On This Page
Mean
The mean, often referred to as the average, is calculated by summing up all the values in a dataset and dividing the total by the number of observations. It is a measure of central tendency that gives us a sense of the typical value in a set
\[\text{Mean} = \frac{\sum_{i=1}^{n} x_i}{n}\]Use Mean When:
- The data is symmetrically distributed.
- Outliers have minimal impact on the overall trend.
- The data follows a normal distribution.
Median
The median is the middle value of a dataset when it is ordered. To find the median, we arrange the values in ascending or descending order and identify the middle value. If the dataset has an even number of observations, the median is the average of the two middle values.
\[\text{Median} = \begin{cases} x_{\frac{n+1}{2}} & \text{if } n \text{ is odd} \\ \frac{x_{\frac{n}{2}} + x_{\frac{n}{2} + 1}}{2} & \text{if } n \text{ is even} \end{cases}\]Use Median When:
- The data is skewed or contains outliers.
- There is a concern about extreme values affecting the average.

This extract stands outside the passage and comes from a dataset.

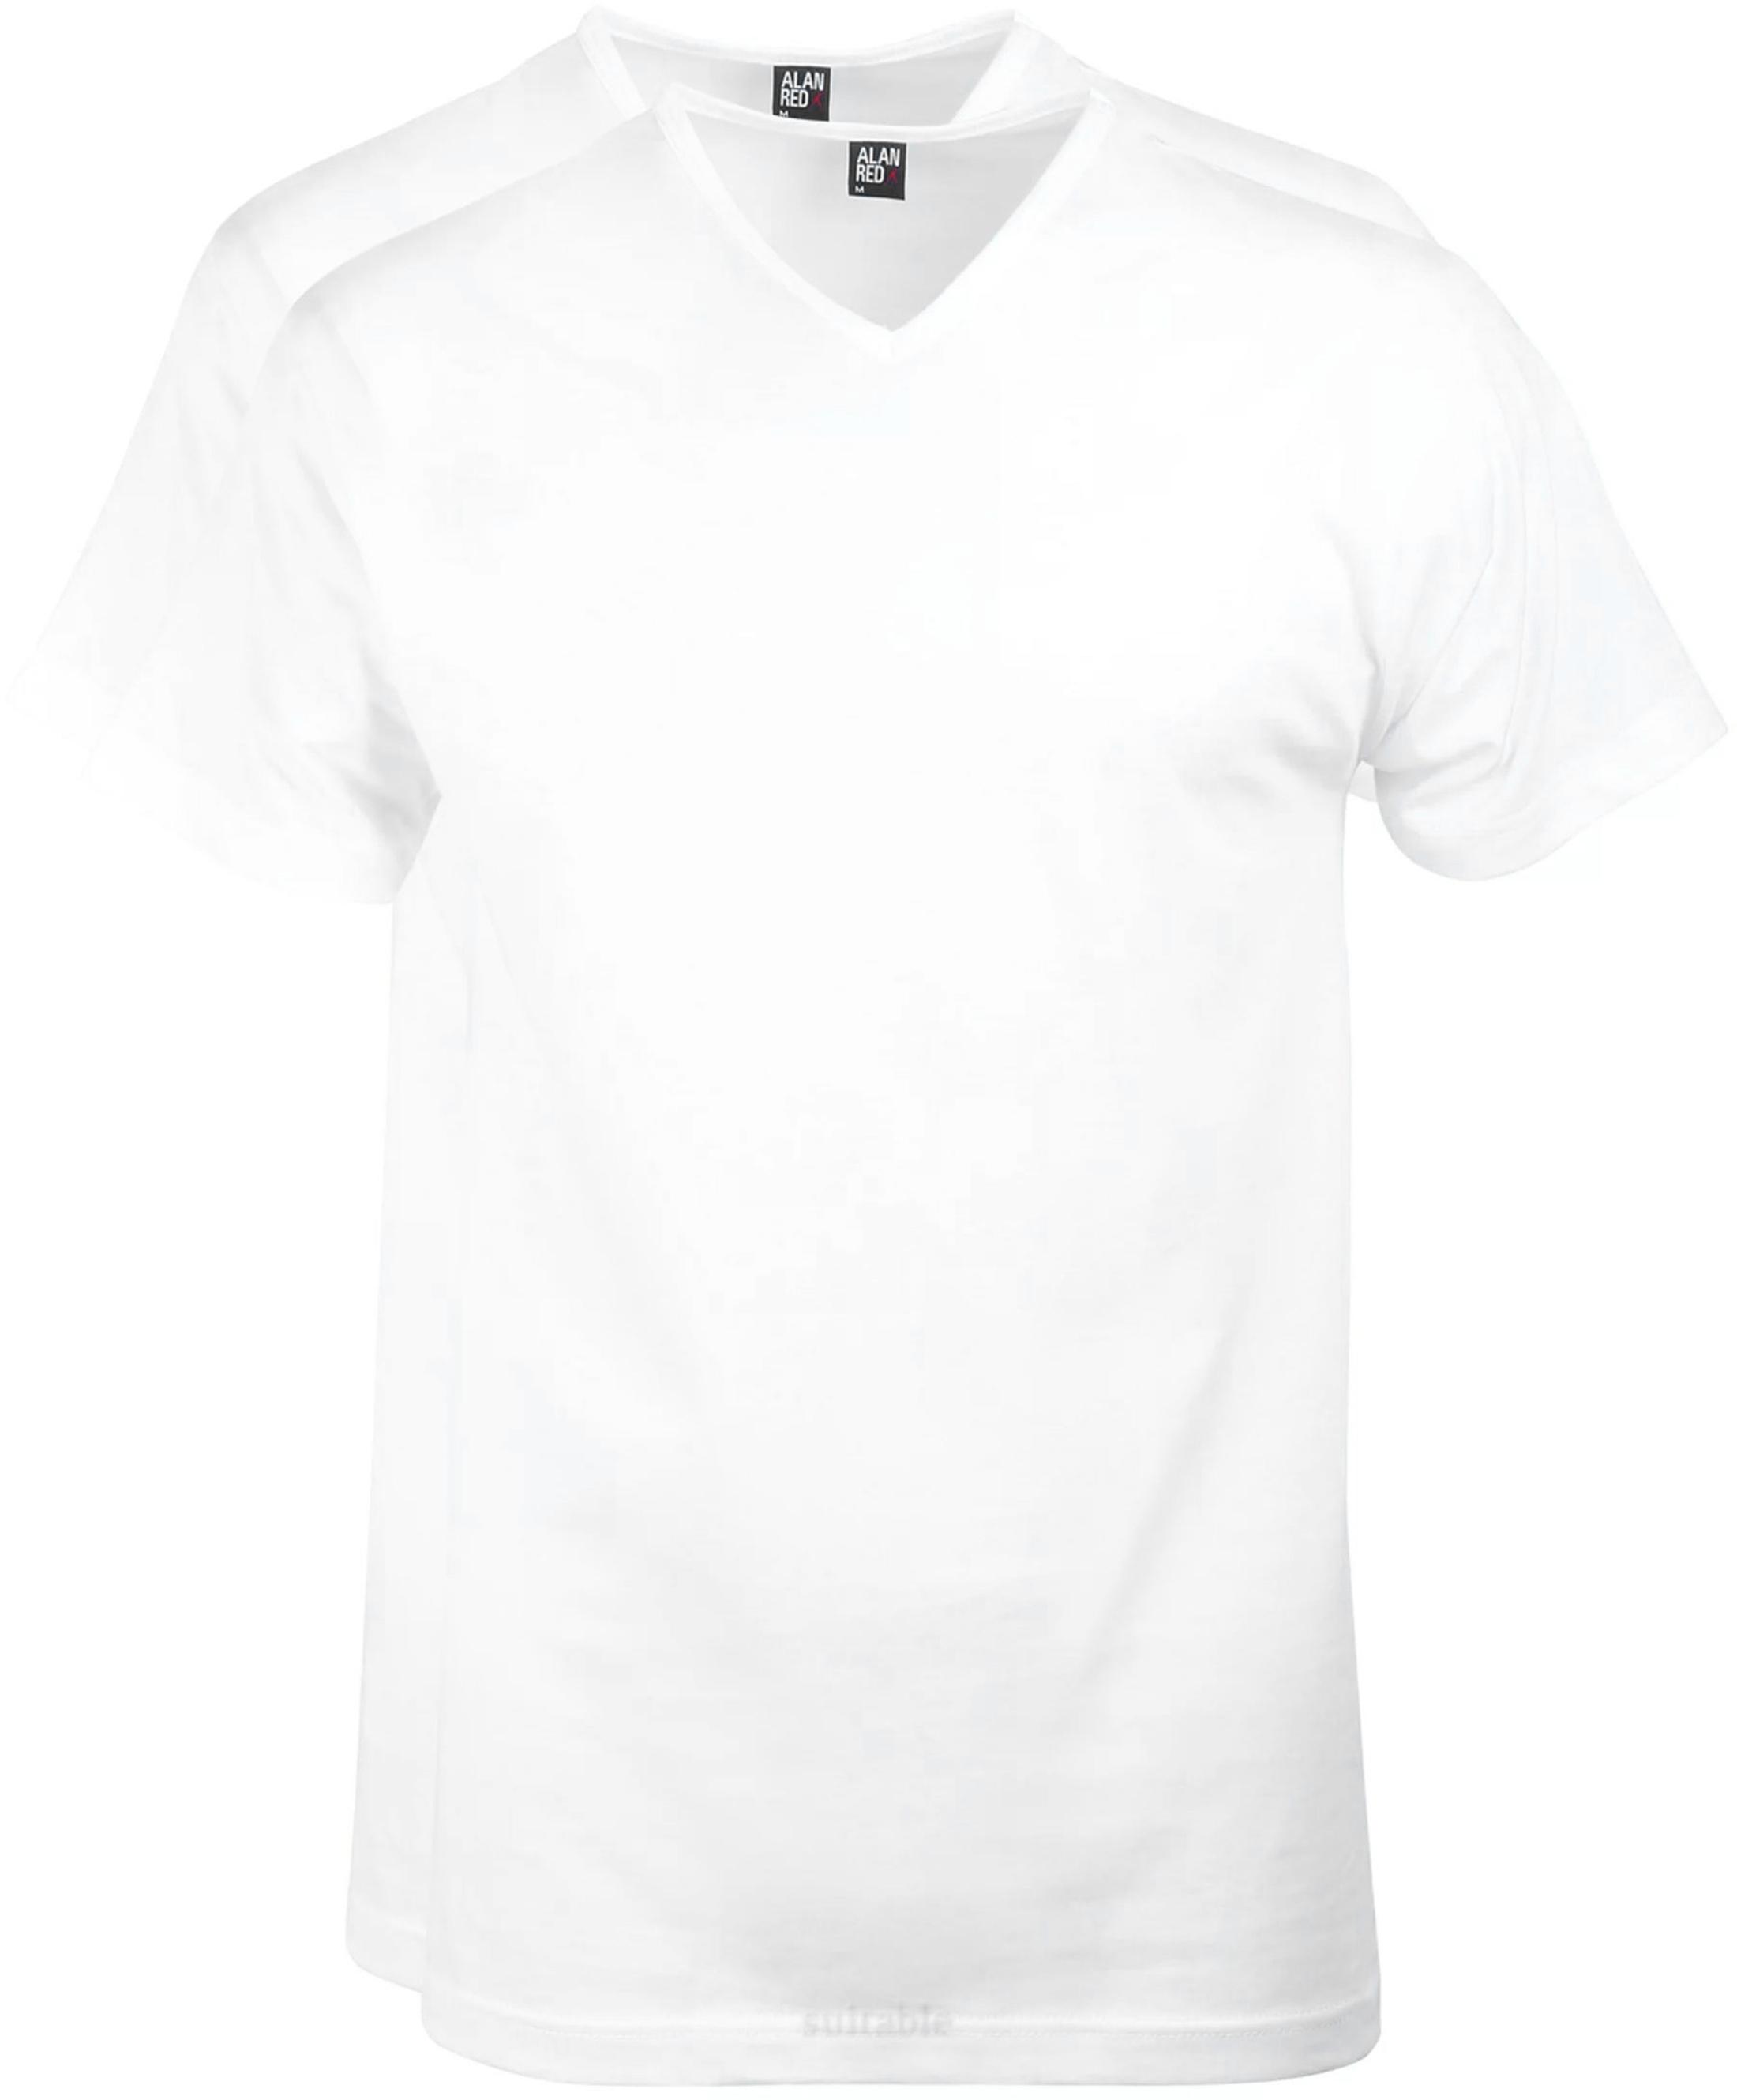 Alan Red Vermont T-Shirt V-Hals Wit (2Pack) foto 0

- The distribution is not symmetrical.
Example
Exam Scores
Imagine a class of students with the following exam scores: 75,80,85,90,95,100
mean : 87.5
In this case, using the mean provides a good representation of the average score, and it aligns with the central tendency of the data.
Household Incomes
Consider a dataset representing household incomes in a small town: 25000, 30000, 45000, 50000, 5000000
Mean = 1021000
Median = 45000
In this scenario, the mean is significantly influenced by the extremely high income of 5000000. Using the mean might not accurately represent the typical household income because it is heavily skewed by the outlier. The median, on the other hand, gives a more realistic picture of the central tendency, making it a better choice for this dataset.